━━━ INPUT DATA ━━━

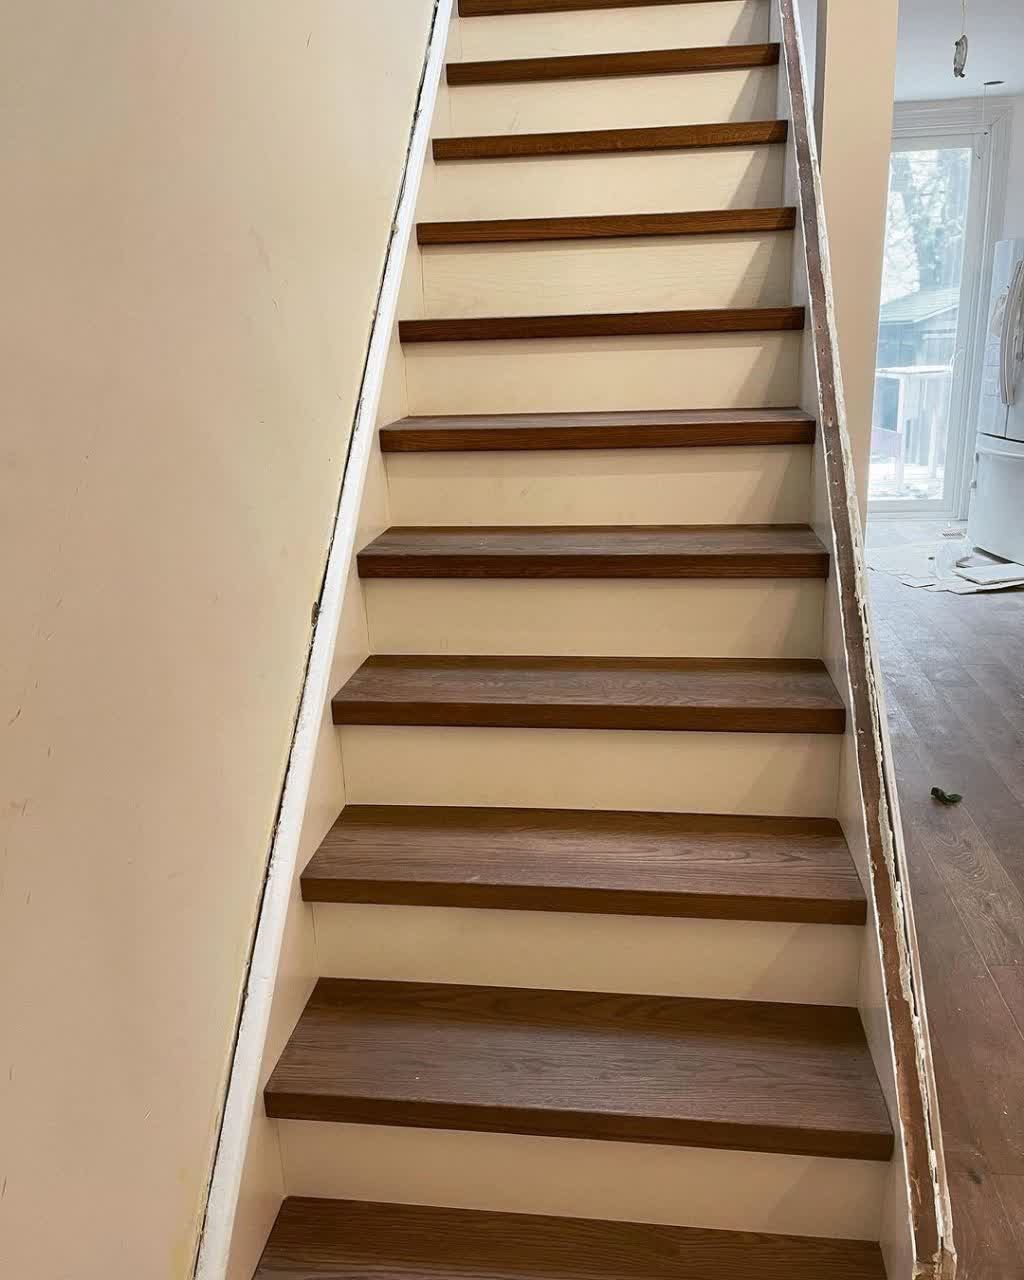 Repair and replacement of stair flooring
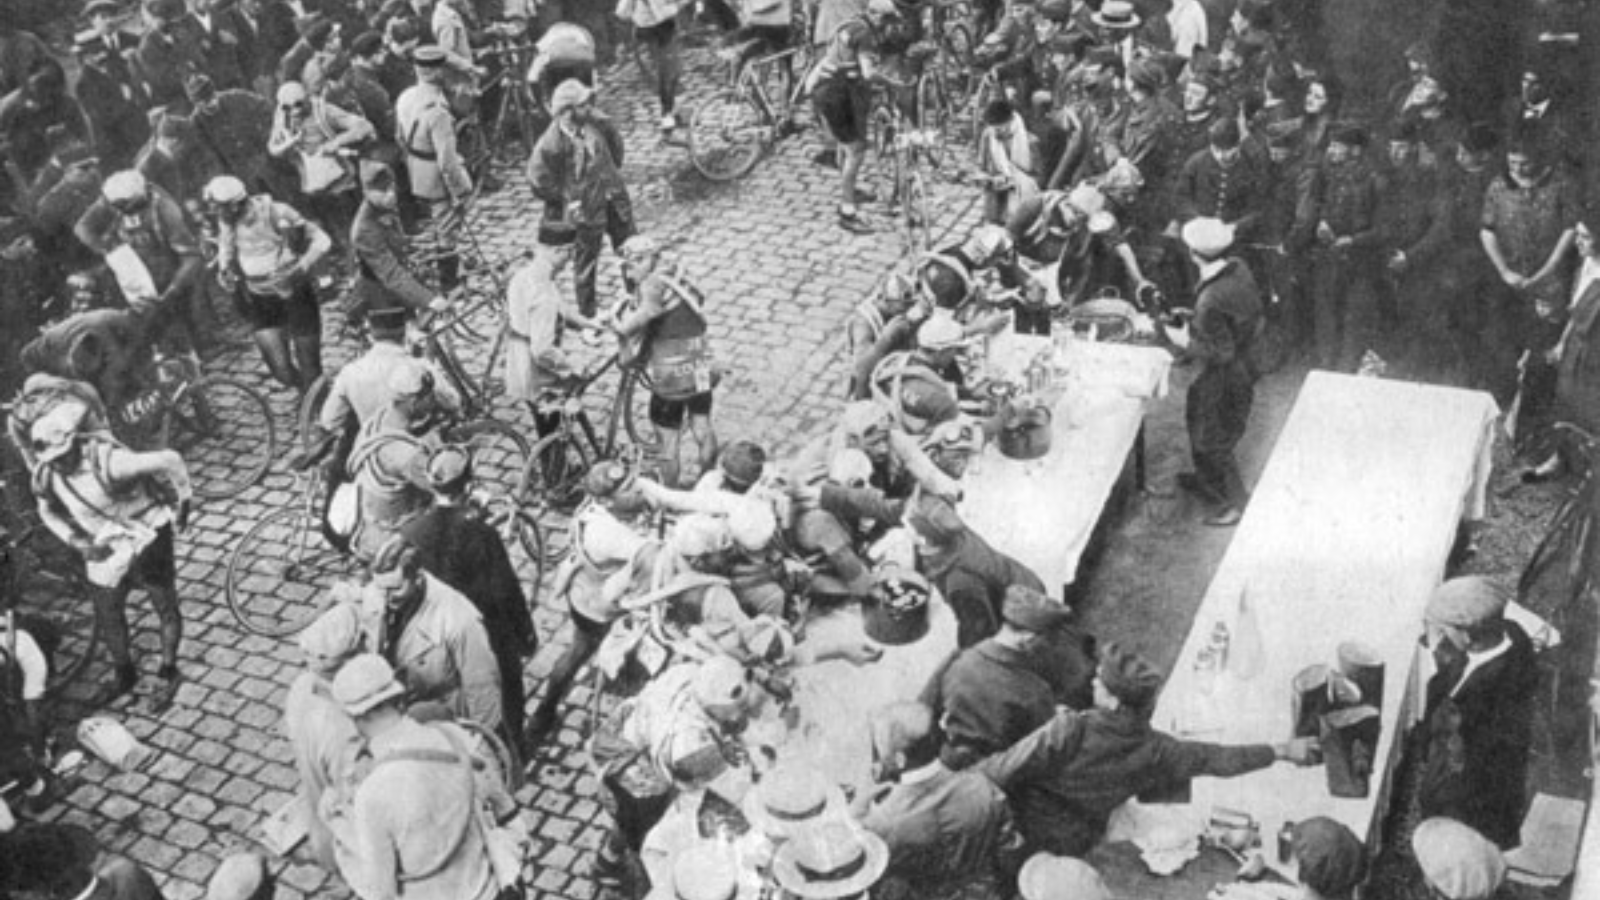 Feedzone at Tour de France 1925
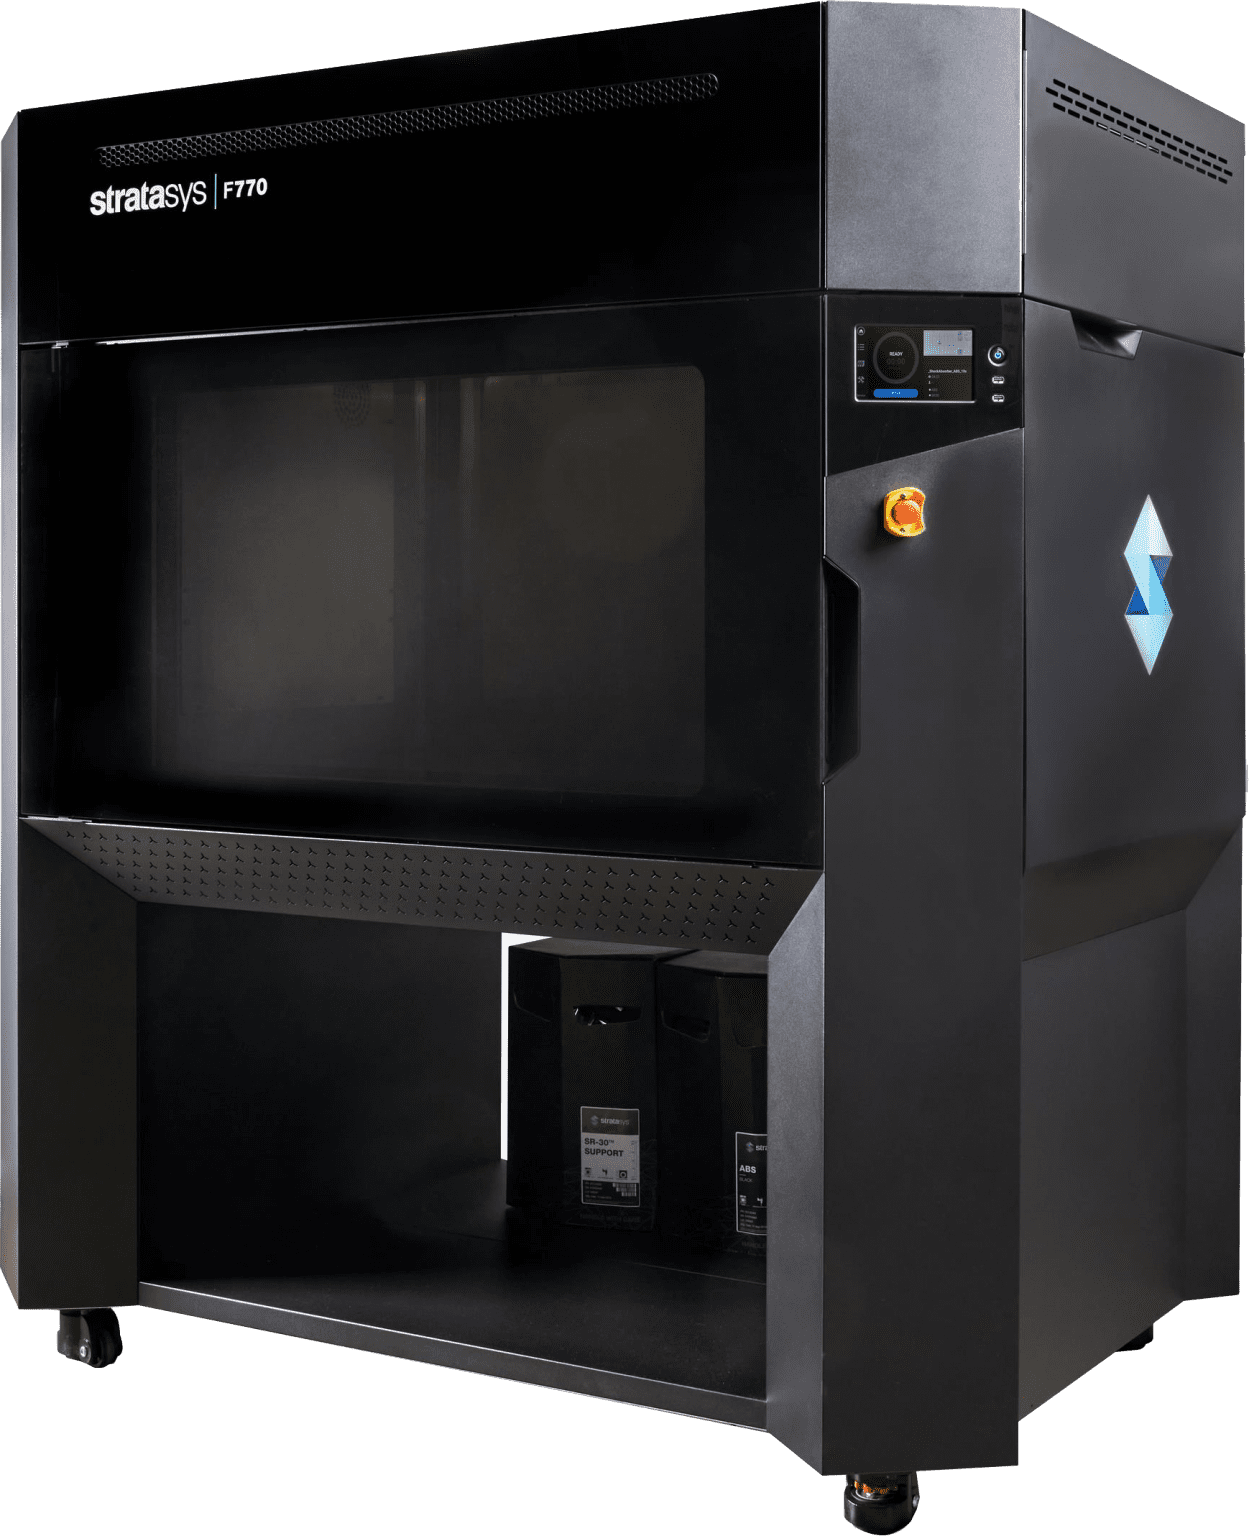 Stratasys F770 3D Printers - F770 Printer Image 1249x1536
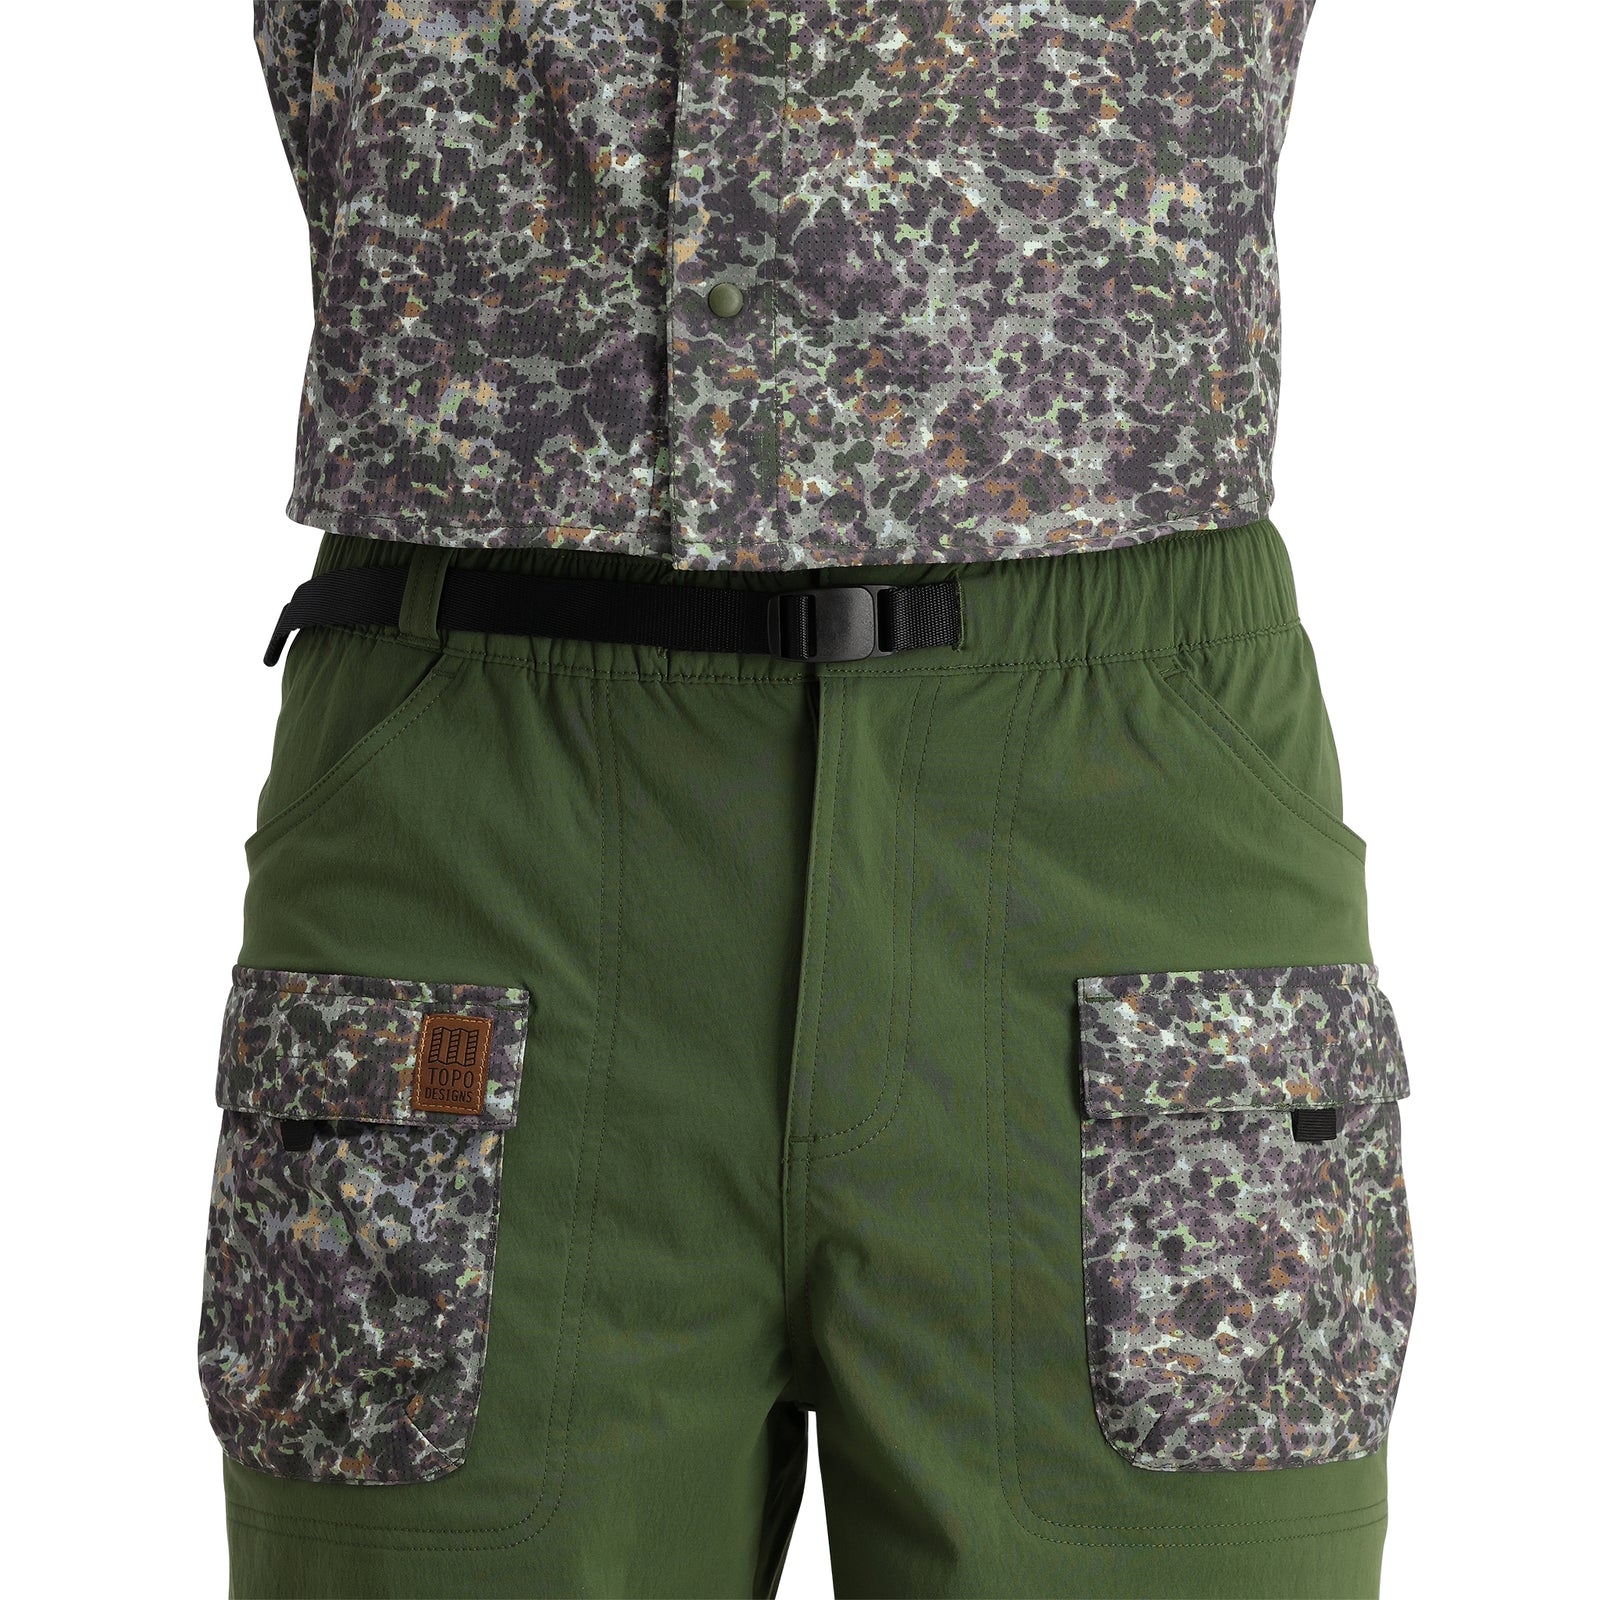 Detail shot of Topo Designs Retro River Shorts - Men's in "Olive / Olive Meteor"

━━━

* [WHAT THE EXERCISE ASKS]:
No pictures belong in the copy. Repeat the listing above exactly.

* [TASK ANSWER]:
 Repair and replacement of stair flooring
 Feedzone at Tour de France 1925
 Stratasys F770 3D Printers - F770 Printer Image 1249x1536
 Detail shot of Topo Designs Retro River Shorts - Men's in "Olive / Olive Meteor"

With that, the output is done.